Наверное, во мне очень мало женщины.

Или её вовсе во мне нет?..

Ведь предназначение женщины – служить мужчине. Впрочем, кто это сказал? Видимо, мужчина.

Боже, как же трудно мне было в те дни...

...Помню, зашла после репетиции к Лянь-Кунь, у неё в комнатке звучал Поль Мориа — «История любви». Эта волшебная музыка разрывала мне сердце... Я вышла в полутёмный коммунальный коридор. Села на табуретку под телефоном... Я редко плачу. Я почти никогда не плачу. Но эта музыка меня довела, достала до самой печёнки. «История любви» звучала для меня как «История прощания».

Сейчас, вот в эту минуту, я должна сделать выбор. Иду я вместе с ним? Или – иду сама по себе? Своим путём... А ведь это он учил меня идти своим путём! Учил каждым своим словом. Каждым своим выходом на манеж и на сцену. Учил с самого первого фильма – «Путь на арену». Как я обожаю этот фильм! Как я благодарна ему за все его фильмы и вообще за всё, что он сделал для меня. Иногда мне кажется, что всё, что он сделал в искусстве, – он сделал для меня. И пусть меня назовут самонадеянной. Но я так чувствую. А чувства не обманывают. И если я хорошая ученица, если я всё правильно поняла, о чём он мне говорил все эти годы (все годы, что я видимо и невидимо общаюсь с ним), – то я должна ему сказать: «Нет, я не пойду к вам в театр». Но как это трудно!.. Ещё прошлой весной, помогая ему надеть пиджак перед выходом в манеж, я мечтала: «Ах, каждый день бы так! Больше ничего для счастья не надо...» И вот – прошло всего чуть больше года – а я не хочу идти в его театр (в ЕГО театр!), не хочу выносить на сцену картонки с названиями номеров (ЕГО номеров!) А ведь это такая честь! А я – не хочу. Как же я изменилась за столь короткое врем! И всё – благодаря ему. Да, я не хочу быть его тенью. Не этому он меня учил...

Я набрала его номер. Услышала в трубке его мягкий голос:

– Да, миленький, – приветливо сказал он. – Ну что, решилась? начинаешь завтра репетировать?

– Скажите, зачем я вам нужна? – спросила я его напрямик.

Была долгая пауза...

– Значит, нужна! – сказал он твёрдо, почти жёстко.

* * *

«Значит, нужна!» Слова, которые я мечтала от него услышать. Мечтала все эти годы. Чтобы он признался (и себе, и мне) в том, что я ему нужна.

И вот – я их услышала... Но они не могли изменить моего решения. Нет, я не пойду к нему в театр. Скрепя сердце. Изо всех сил стараясь не заплакать... Я не пойду к нему в театр. Слишком хорошим он был учителем. Слишком хорошей я была ученицей. Я должна идти своим путём. Должна жить СВОЮ жизнь.

Лучше я буду писать для него песни.

Всегда, когда он попросит.

И даже когда не попросит...

* * *

У Дюшенов познакомилась с красивым и каким-то не от мира сего молодым человеком. Сразу видно – не москвич.

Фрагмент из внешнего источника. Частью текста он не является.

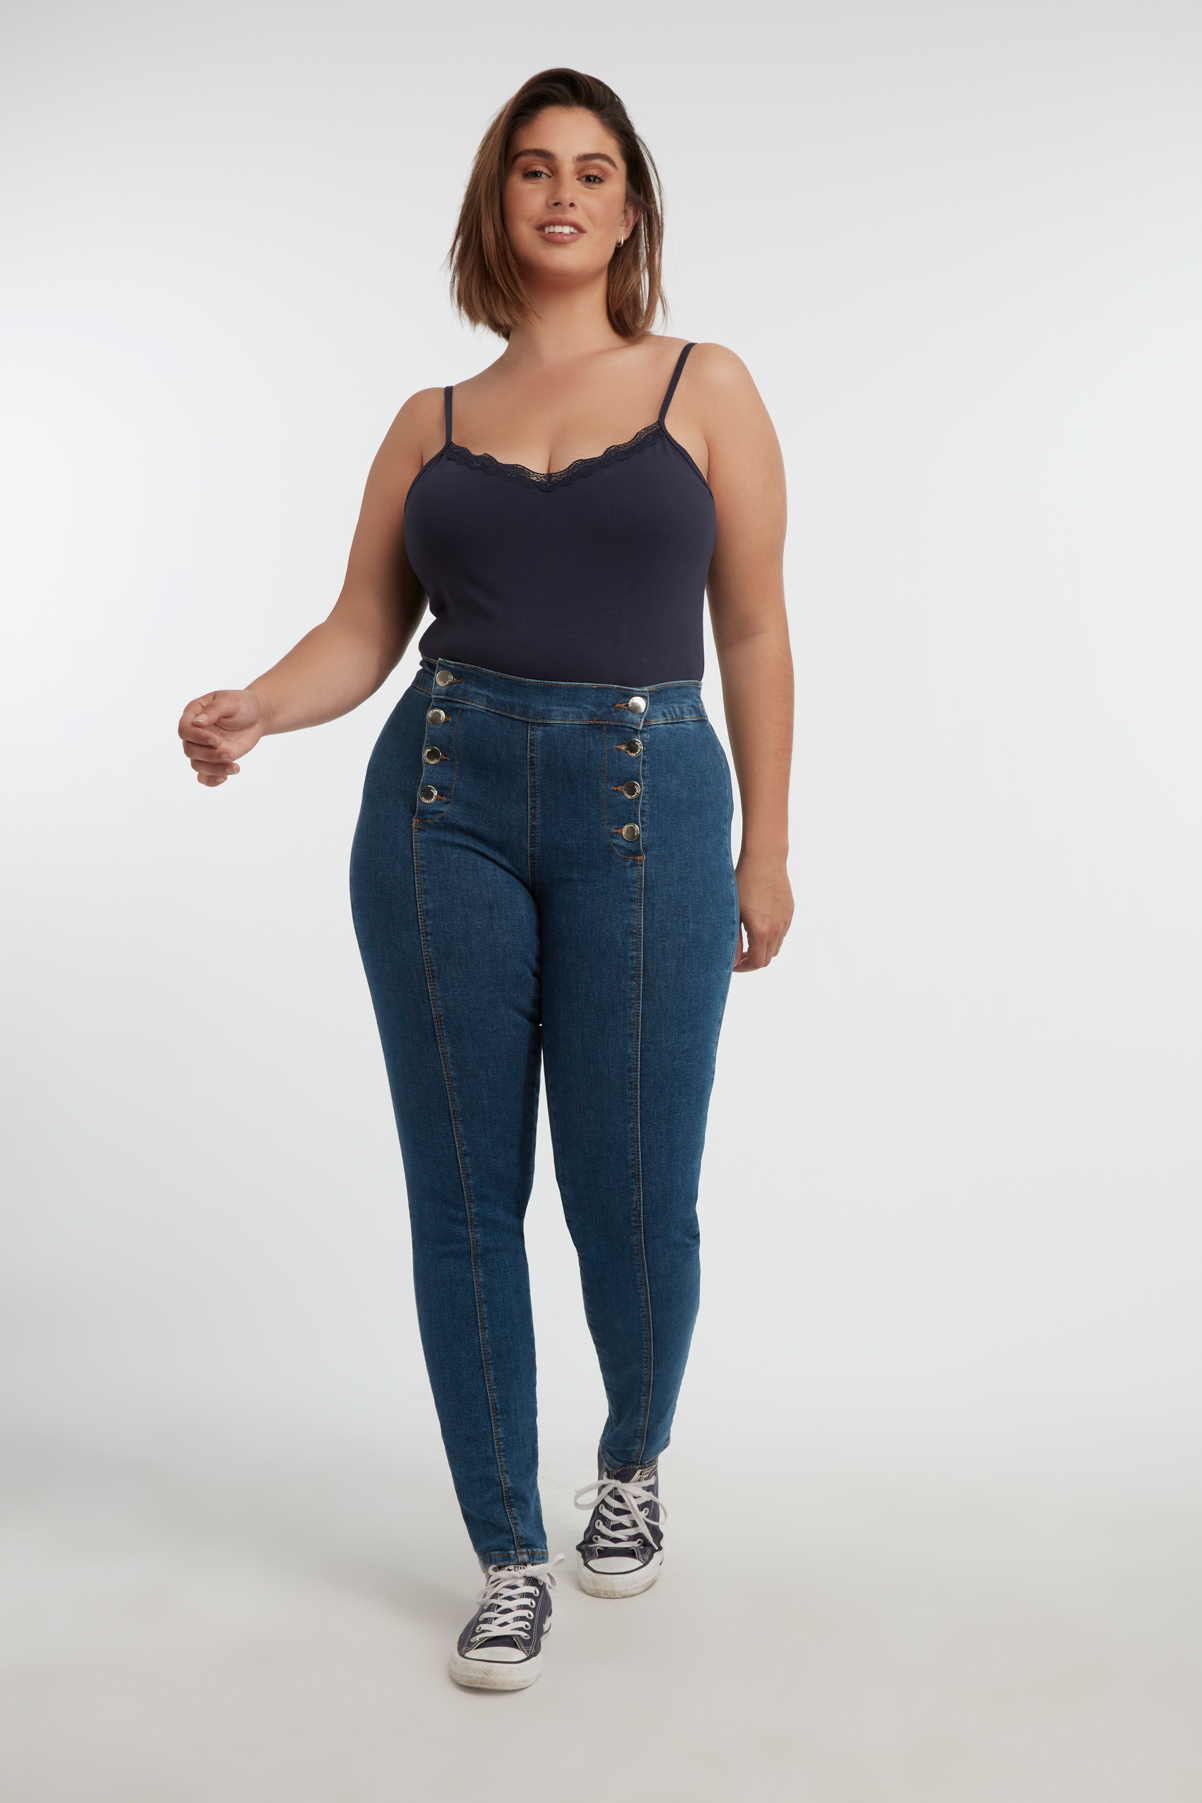 Damen Jeans in schmaler Passform mit Knöpfen | Official MS Mode® online  store

У него были совершенно белые волосы, как прибрежный песок, как белый песок прибалтийских дюн... и тёплые карие глаза, и потрясающая пластика, и приятный прибалтийский акцент. Это был литовец Гедрюс Мацкявичюс, артист пантомимы из знаменитого Паневежиского театра.

Из Литвы – как из другого мира, почти из Европы, он был такой мягкий, предупредительный. Он двигался и говорил в каком-то своём ритме... так певуче... он был похож на тигра: внешне – гибкий и мягкий, а внутри (и это чувствовалось) – очень сильный, пружинистый, упругий. Действительно, тигр.

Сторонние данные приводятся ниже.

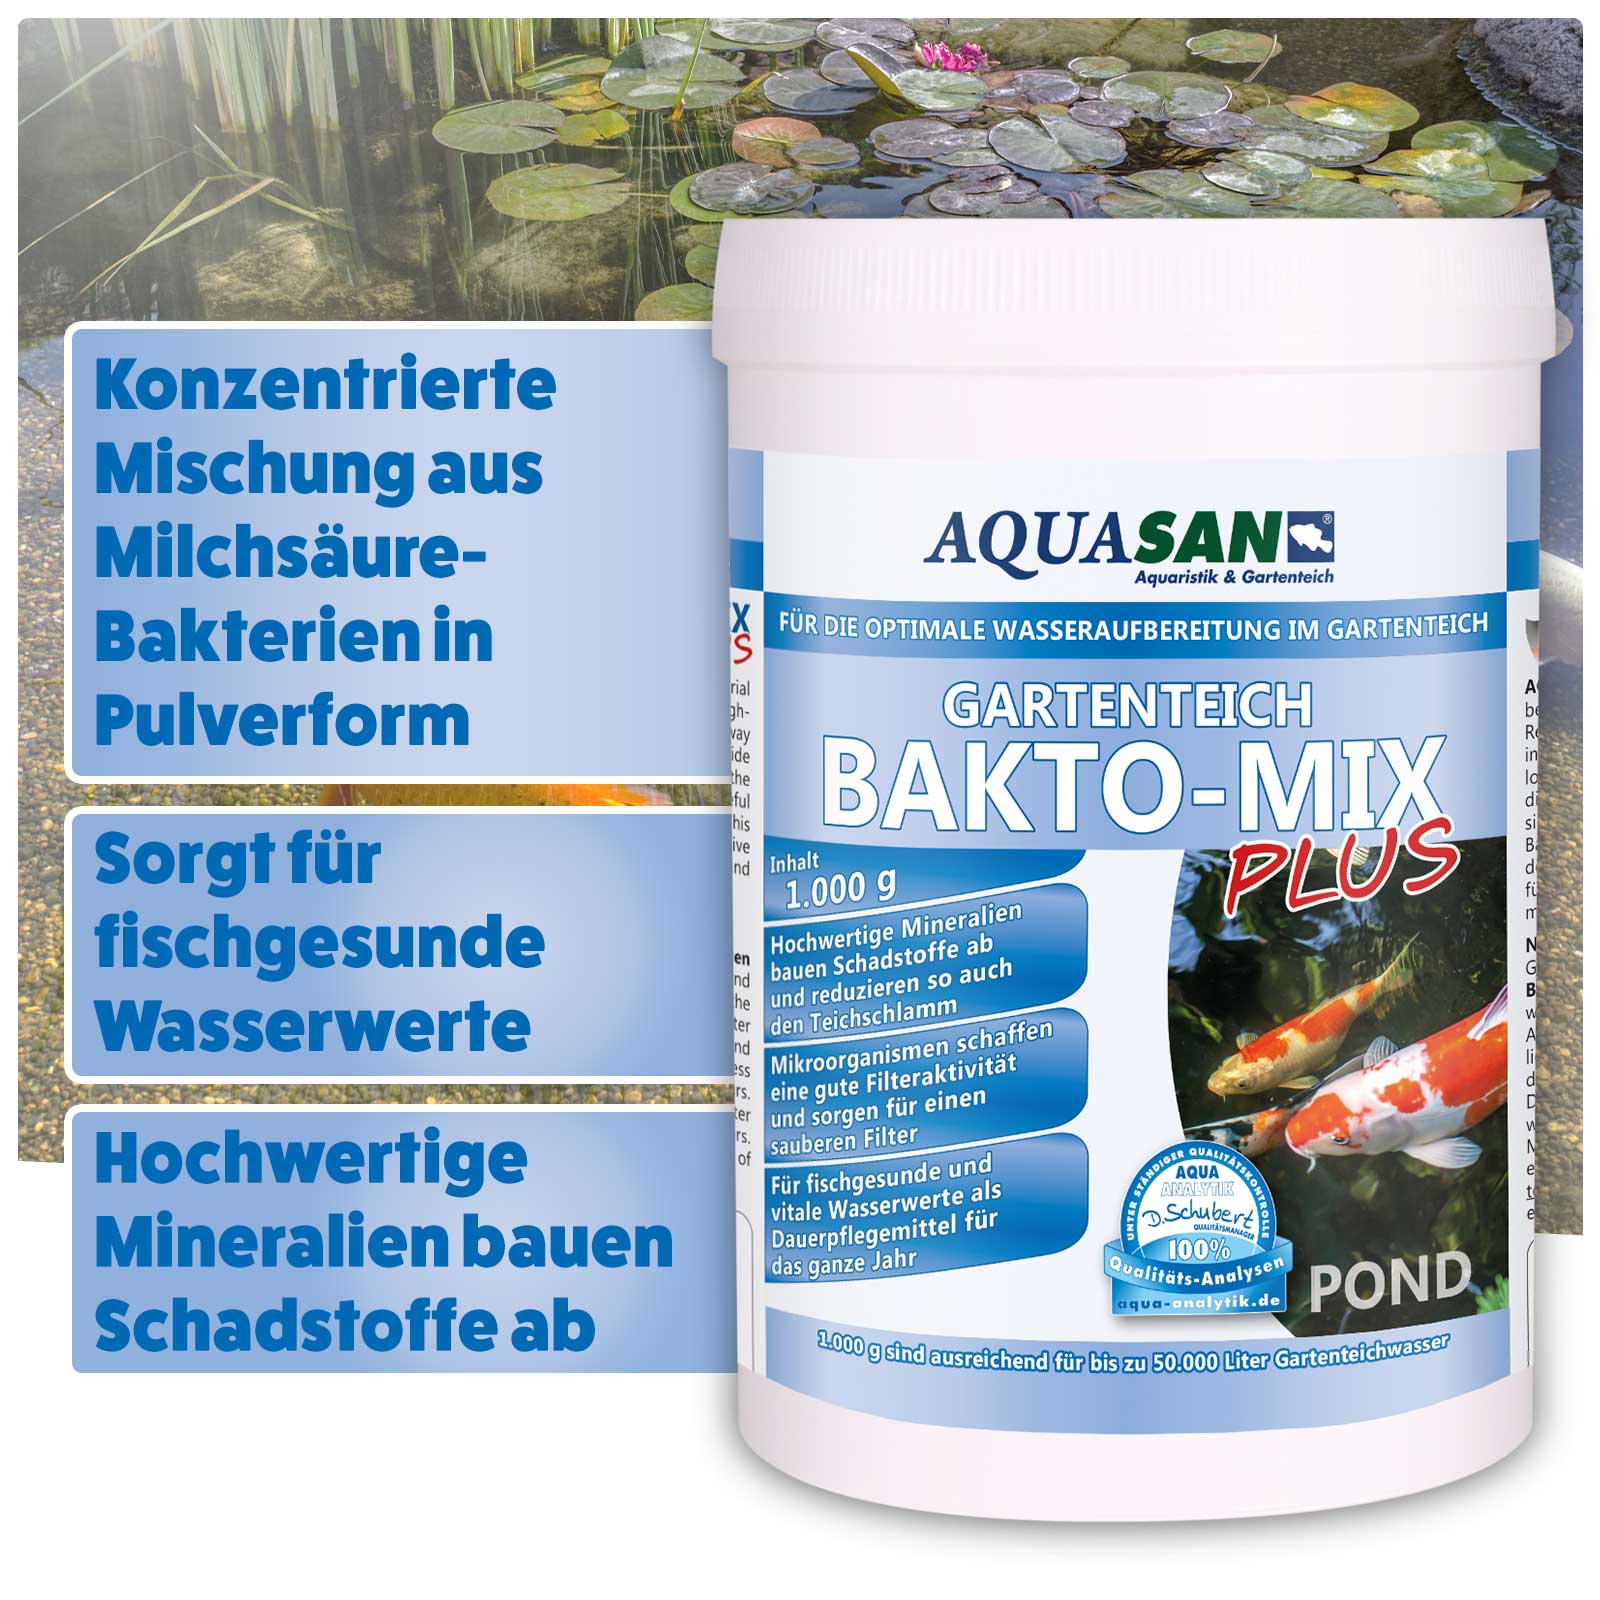 AQUASAN Bakto-Mix PLUS für Gartenteiche

Но главное – в его глазах жило какое-то потрясающее внимание: к человеку, с которым он разговаривает, к каждому твоему слову и к каждому своему слову (он говорил неторопливо и очень тщательно, со вкусом перебирая и подбирая нужные слова). В нём жили интерес и внимание ко всему вокруг. Наверное, так себя ведёт и чувствует художник, или скульптор в своей мастерской. Когда всё вокруг – материал для творчества.

А ещё в нём была постоянная готовность к общению, к взаимодействию. Катя Дюшен рассказала, что когда они шли с Гедрюсом по улице, и он увидел, как какой-то мужик на ветру пытается прикурить сигарету, а спички, одну за другой, задувает ветер, он подошёл к мужику своей кошачьей походкой, щелкнул зажигалкой и сказал своим бархатным голосом: «Разрешите вам прижечь?..» – «Чивоо?» – испуганно отшатнулся от него мужик.

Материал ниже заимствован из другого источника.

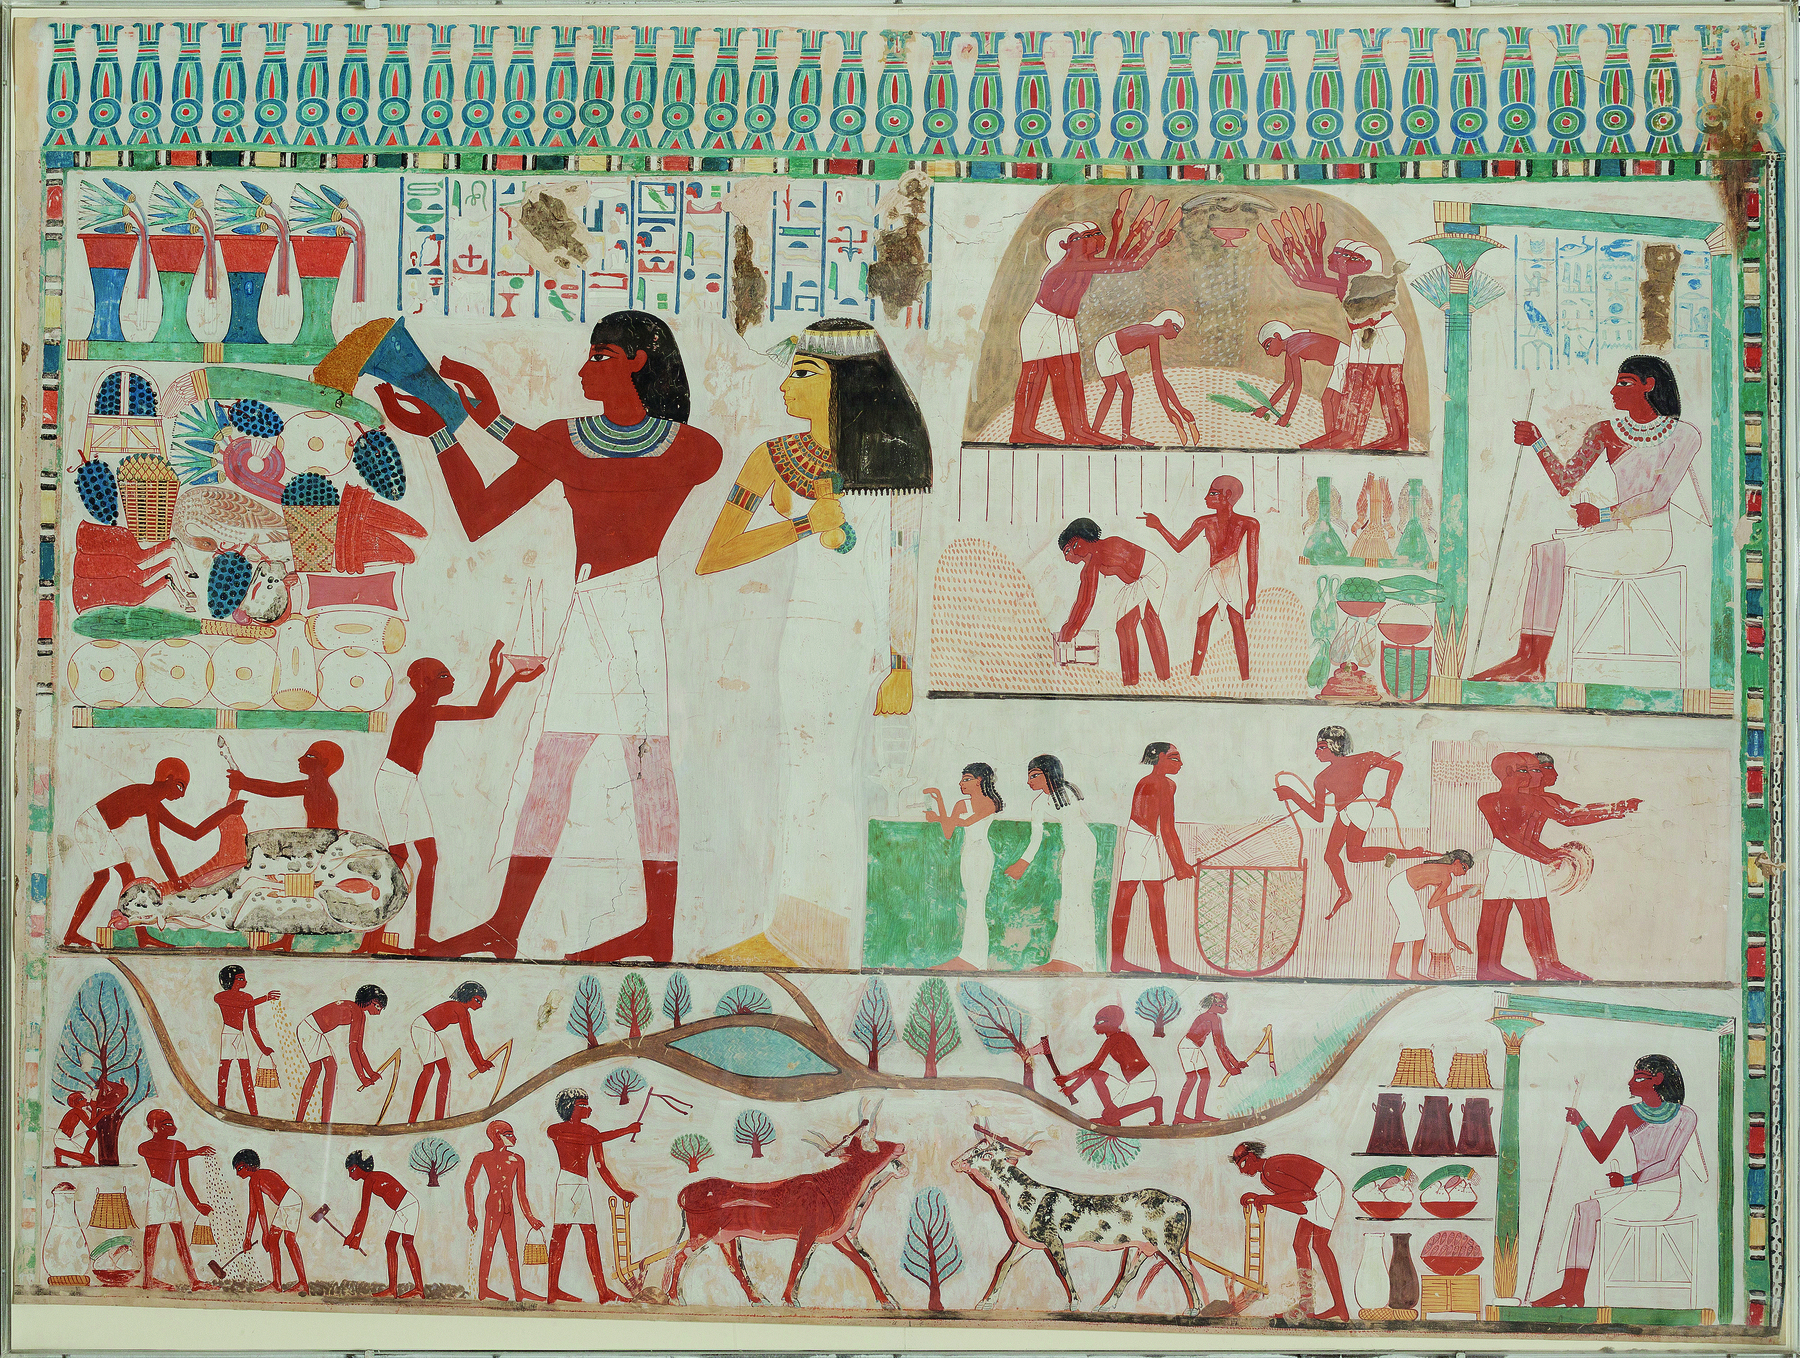 Pintura. Egípcios em diferentes atividades, como plantação, manuseio e utilização do arado, inclusive com tração animal, semeadura, colheita e armazenagem de alimentos.

Гедрюс, узнав, что я знакома с Енгибаровым, попросил сводить его на репетицию.

Мы договорились встретиться у гостиницы «Северная».

...Когда Гедрюс вышел из троллейбуса, весь в белом, с белыми волосами, похожими на ковыль, такой весь не от мира сего, он оторопело огляделся вокруг и спросил со своим панивежеским акцентом:

– Это, простите, что за дыра такая? Это ещё город Москва?

– Гедрюс, это, можно сказать, – центр Москвы! Самый поэтический район – Марьина Роща. Здесь живёт и репетирует лучший клоун мира Леонид Енгибаров. Лучше этого района в Москве ничего нет, поверьте мне.

– Невероятно! Вот эти трущобы – лучший район Москвы?

– Я бы многое отдала, чтобы поселиться в этих трущобах...

– Вы, москвичи, – странные люди, – сказал он. – Не очень понятные...

– Ах, Гедрюс, смотрите, какое чудесное утро!..

...И мы пошли к маленькому, старому, почти рассыпающемуся на глазах, но такому милому, домашнему, почти волшебному клубу, где через несколько минут должна была начаться репетиция. И утро было на самом деле чудесное.

В то утро было очень много солнца, солнца, солнца!.. Стены домов и мостовые были выкрашены солнцем в светло-жёлтый цвет, каждый листик на шелестящих тополях был напоён солнцем... каждая трещинка на асфальте, по которому недавно проехалась поливальная машина, каждая трещинка пускала в глаза солнечные зайчики... Мир был вылеплен из солнечного света... и солнечный мальчик шёл рядом со мной, и мы о чём-то весело болтали... а мимо нас, по мокрой мостовой, разбрызгивая солнечные лужи, пронеслось жёлтое такси, и из окошка высунулся почти по пояс Лёня Енгибаров, он махал нам рукой и смеялся...

Во время репетиции Лёня подсел ко мне и шепнул на ухо:

– Давай этого мальчика к нам в театр! Я видел его в работе, он мне очень нравится.

– Не пойдёт, – так же шёпотом ответила я.

– Ты думаешь?

– Ему же нечего у вас делать. Для него у вас нет роли...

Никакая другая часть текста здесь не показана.